# Aim of the task
Please return the listing below word for word, minus its pictures.

# Available data
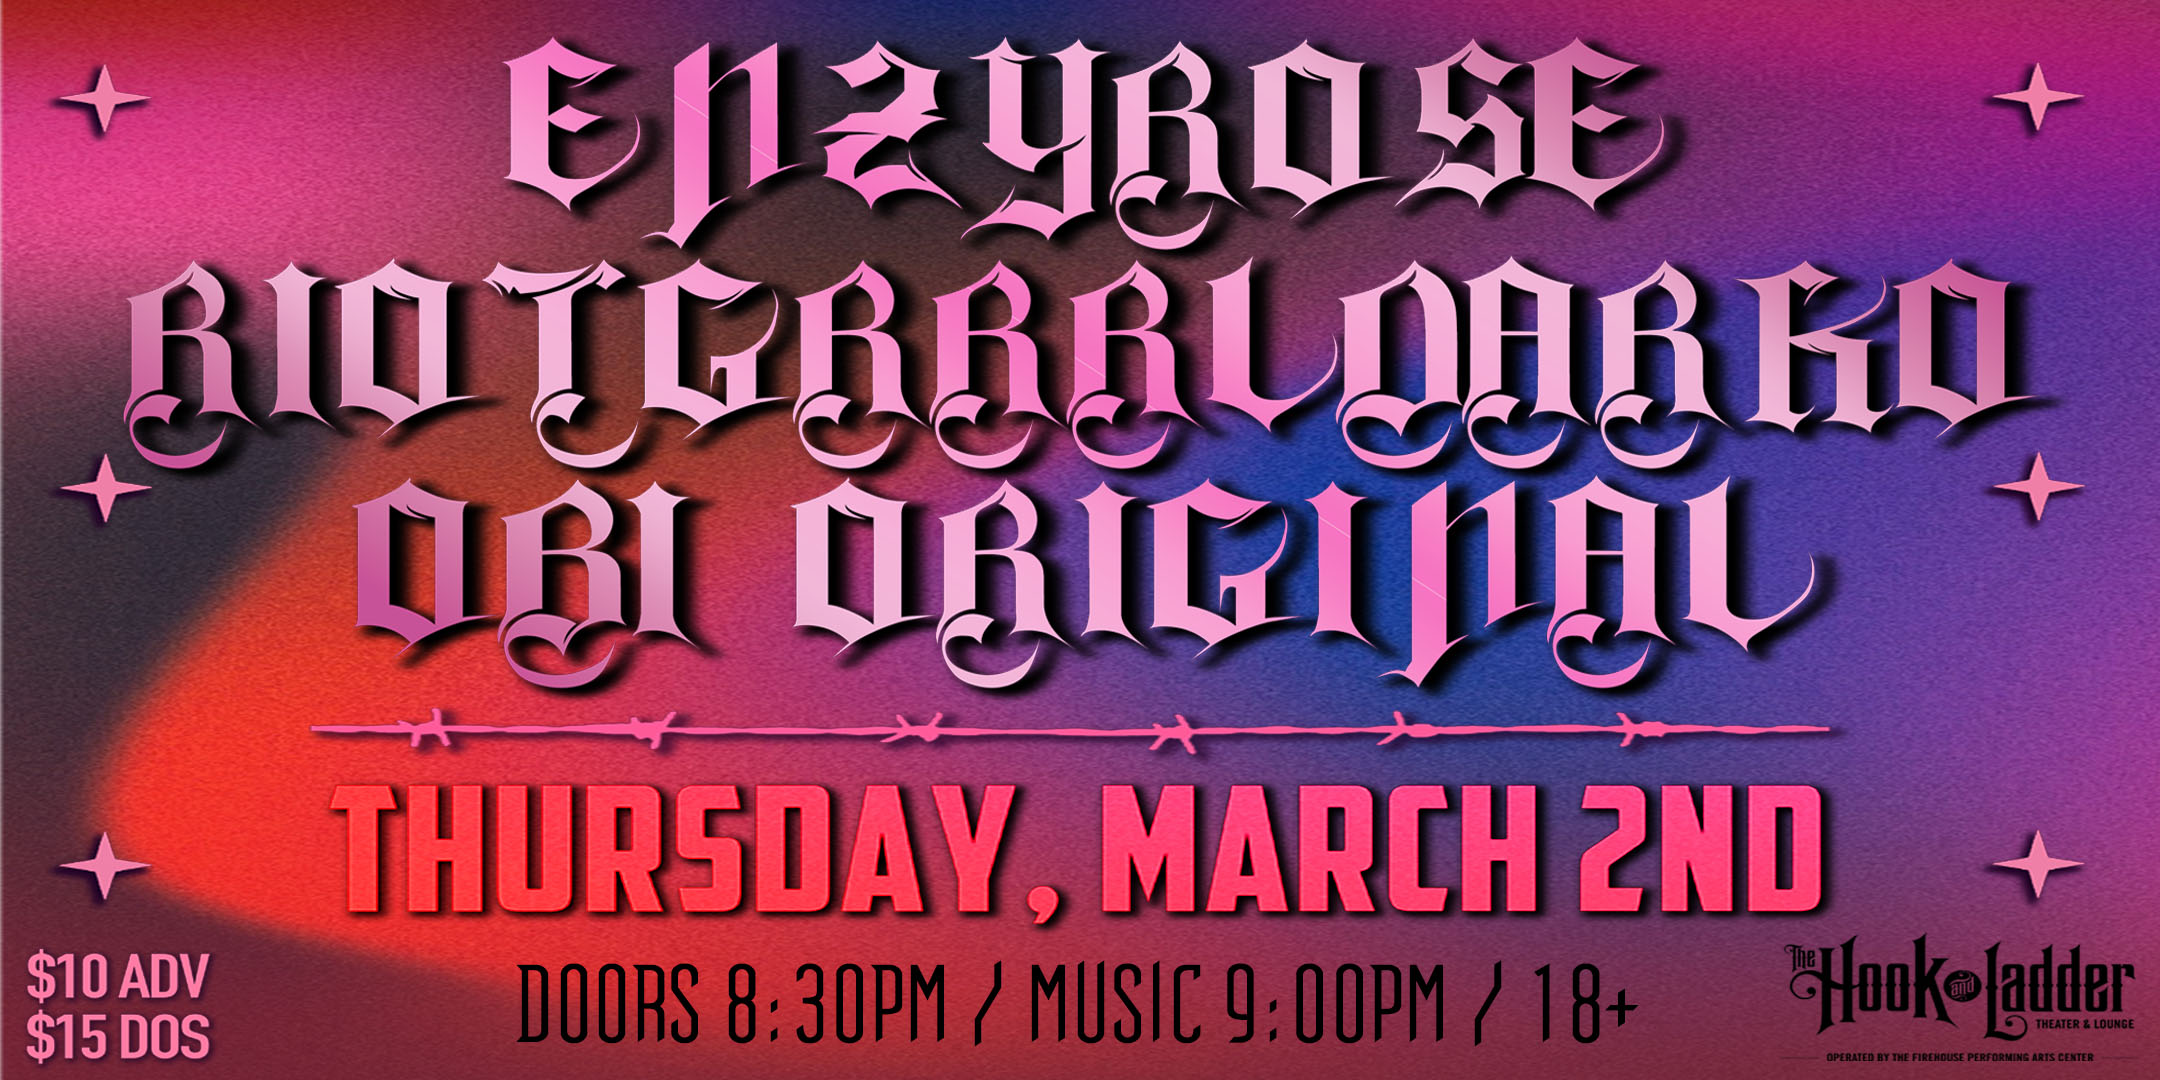 Enzyrose Obi Original Riotgrrrldarko Thursday March 2 The Hook and Ladder Theater Doors 8:30pm :: Music 9:00pm :: 18+ General Admission $10 ADV / $15 DOS NO REFUNDS
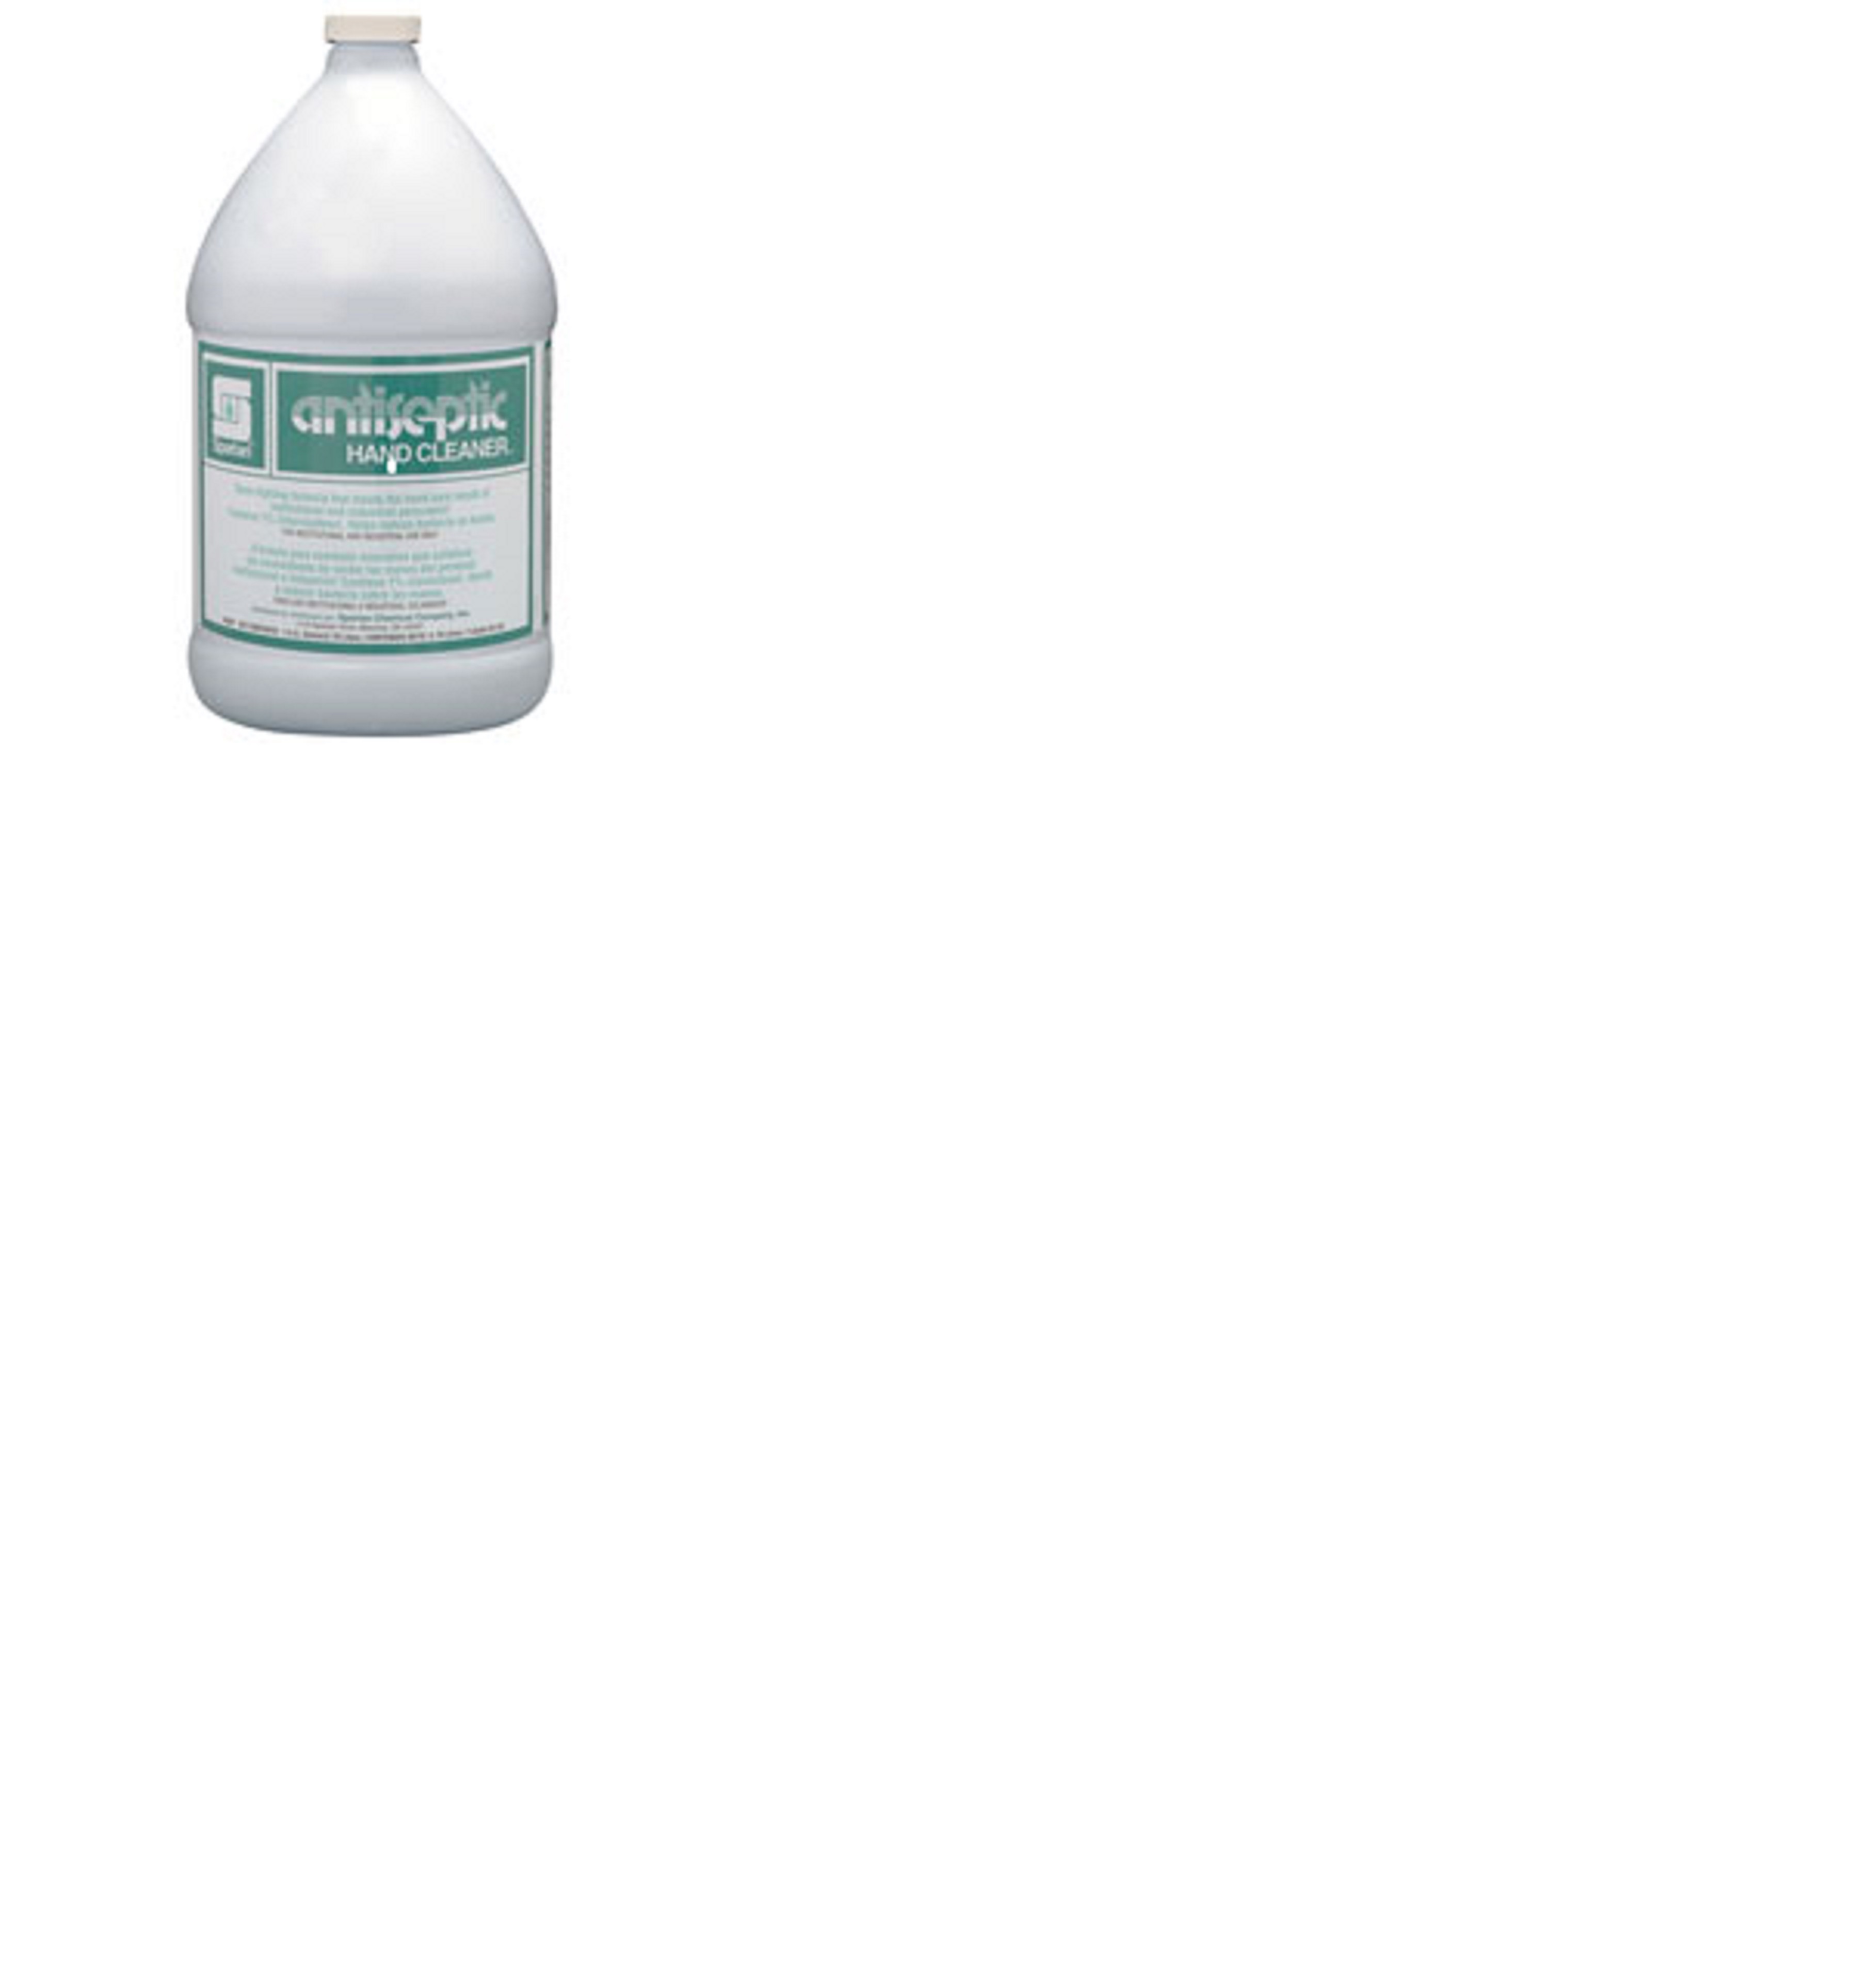 304301 ANTISEPTIC HAND CLEANER
4/1 GAL/CASE
REPLACES JANTI1 - #3007

# Exercise solution
 Enzyrose Obi Original Riotgrrrldarko Thursday March 2 The Hook and Ladder Theater Doors 8:30pm :: Music 9:00pm :: 18+ General Admission $10 ADV / $15 DOS NO REFUNDS
 304301 ANTISEPTIC HAND CLEANER
4/1 GAL/CASE
REPLACES JANTI1 - #3007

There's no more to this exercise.